The FDA will start evaluating the pre-submitted data for sufficiency and integrity, providing an opportunity to address data quality and potential review issues. The FDA can then provide early feedback regarding the most effective way to analyze data to properly address key regulatory questions. By the time the applicant submits the application to the FDA, the review team will already have completed the analysis and be familiar with the data, and can conduct a more efficient, timely, and thorough review. Early engagement may improve the quality of the NDA/BLA submission and FDA’s evaluation of the application.
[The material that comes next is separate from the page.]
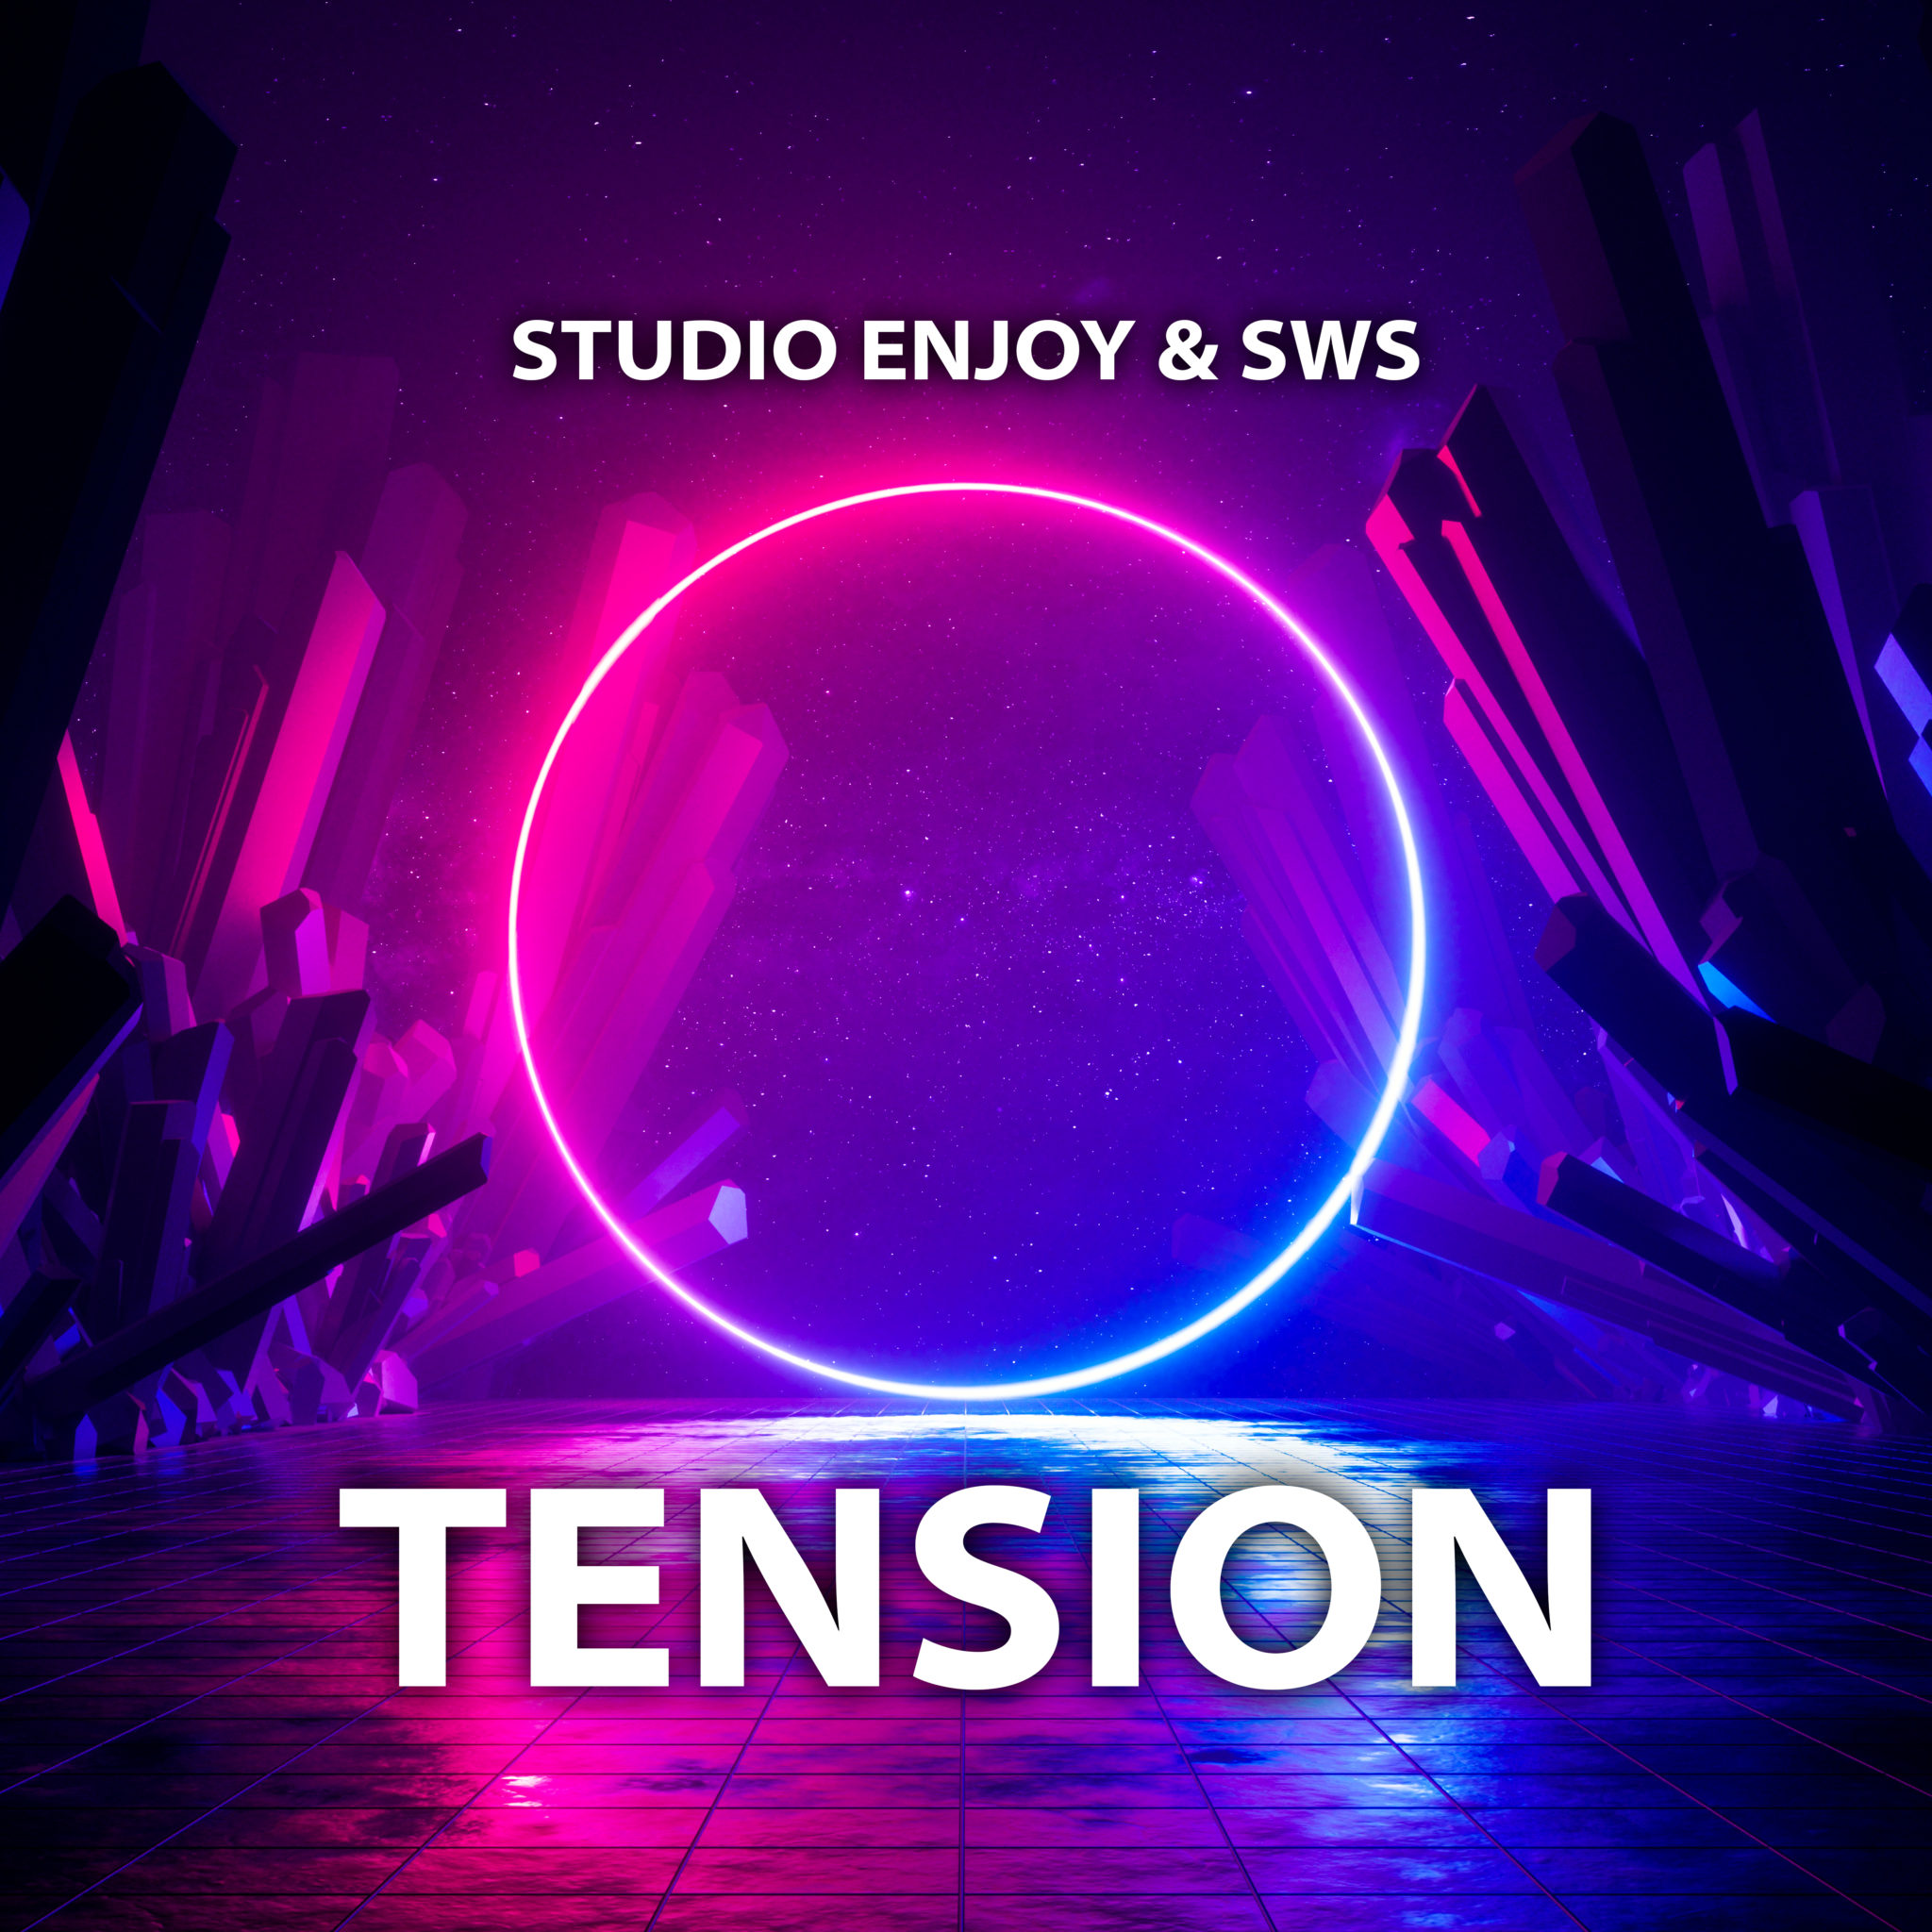 tension-studio-enjoy

Assessment Aid Pilot Project: The second pilot is a new Assessment Aid, a structured template based on the FDA Multidisciplinary Review template that the applicant uses to organize its submission into a structured format to facilitate FDA’s review of the NDA/BLA, including supplements. The Assessment Aid creates a more efficient and streamlined review process and reduces the administrative burden on FDA reviewers by permitting them to focus on key results and perform critical analyses that may have been omitted by the applicant. In turn, it leads to a more dynamic review process where key regulatory questions can be answered more thoroughly and effectively.
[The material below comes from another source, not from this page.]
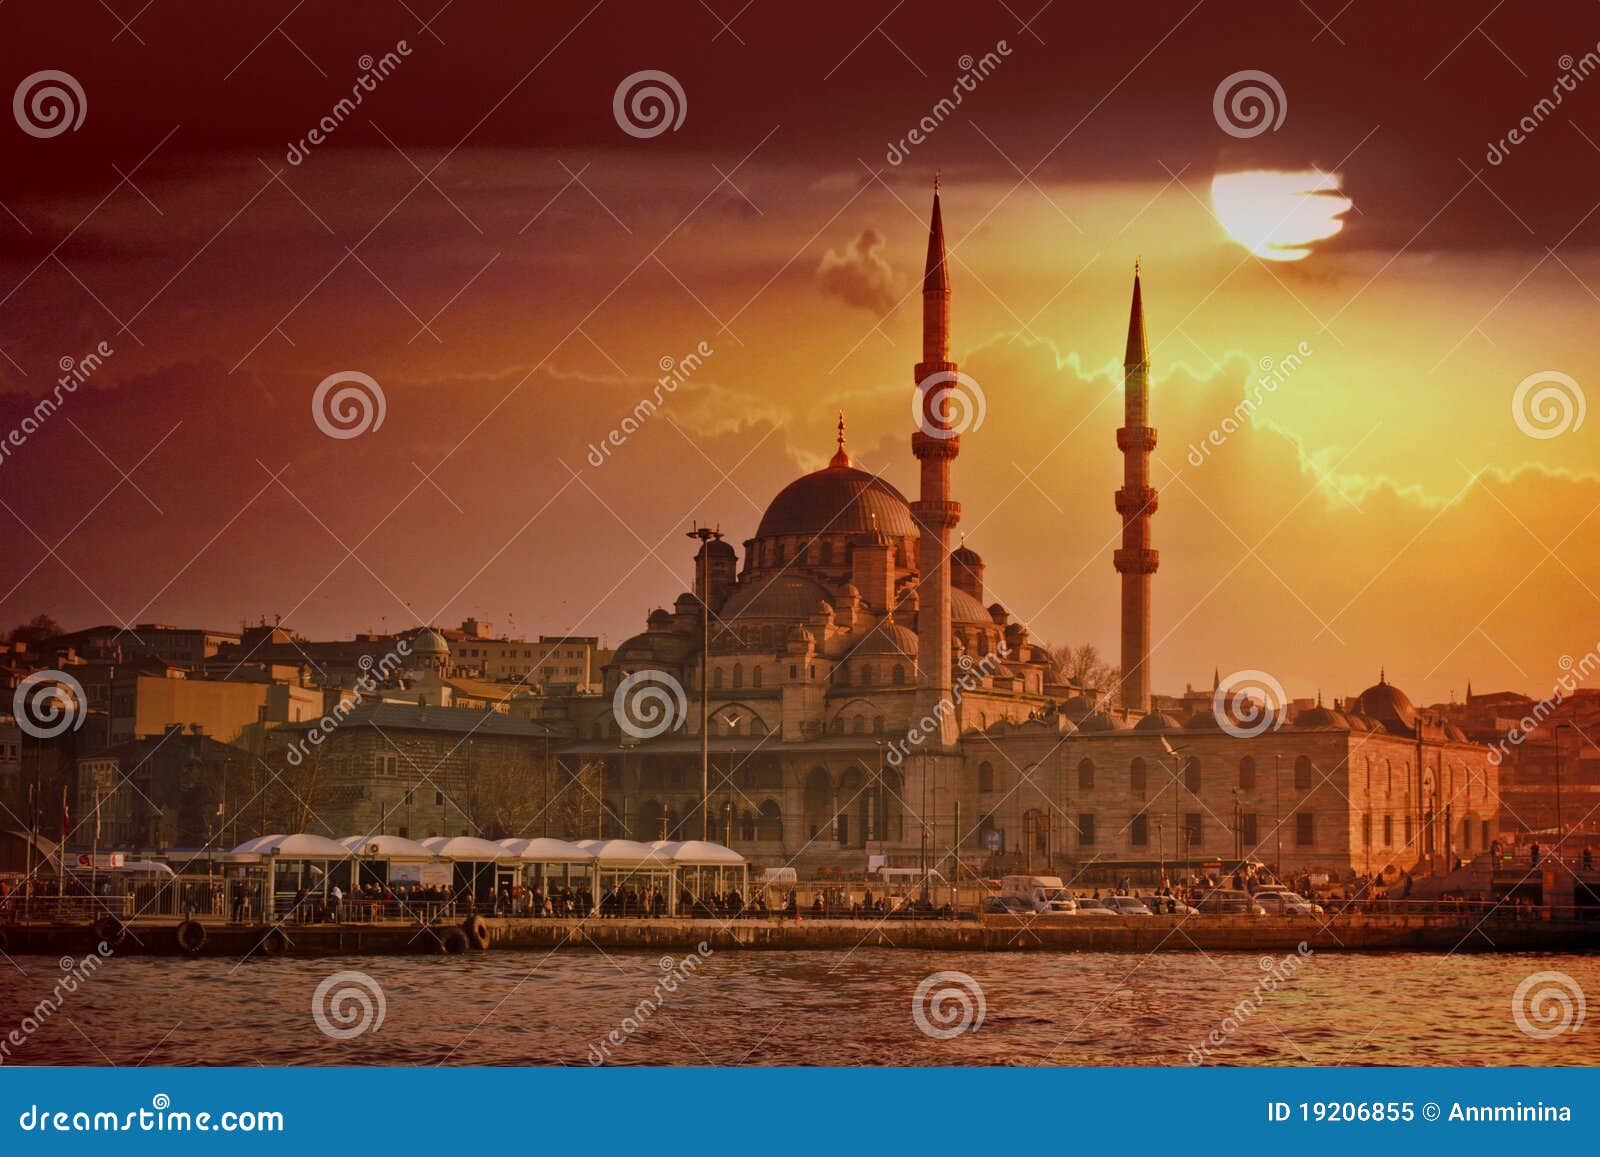 istanbul sunset

Process: The Assessment Aid template is sent to the applicant during the Investigational New Drug (IND) stage. An applicant can communicate interest in participating in this pilot program to CDER’s Office of Hematology and Oncology Products by sending a notification of interest to the FDA Regulatory Project Manager prior to application submission or at the pre-NDA/BLA meeting.
The applicant will add their position once top-line data are received in anticipation of an original or supplemental NDA/BLA submission. If participating in the RTOR program, the applicant may submit the Assessment Aid before or around the time of NDA/BLA submission. The applicant portion should be concise and only include critical information. The FDA review team, after conducting their scientific evaluation, will add their assessment in response to the applicant’s position, using this same template. FDA’s assessment will focus on whether or not FDA agrees with the applicant’s position, and any additional findings and analyses. By using a structured template, the FDA can layer its assessment into the same file submitted by the sponsor, allowing this annotated application to serve as the document that contains the FDA review.
Those applicants who do not wish to participate in the Assessment Aid pilot will follow the usual submission process with no impact on review timelines or benefit-risk decisions. Note that there is no definite timeline for the pilot programs. An analysis will be conducted after each CDER Office of Hematology and Oncology Review Division has completed the pilot. In addition, there are no user fees since the pilot is for supplemental applications. If the pilot is expanded to original drugs and biologics, the FDA will determine when to assess the PDUFA fees.
As FDA and applicants embark on this exciting new venture, we hope to improve regulatory review efficiency and further solidify our review standards, while reducing administrative burdens that can add to the time and cost of the review process. Our goal, as always, is to ensure that safe, effective and quality treatment options are available to patients as early as possible.
Cheers,
Renu Lal, Pharm.D.
CDER Small Business and Industry Assistance
This communication is consistent with 21CFR10.85(k) and constitutes an informal communication that represents our best judgment at this time but does not constitute an advisory opinion, does not necessarily represent the formal position of the FDA, and does not bind or otherwise obligate or commit the agency to the views expressed.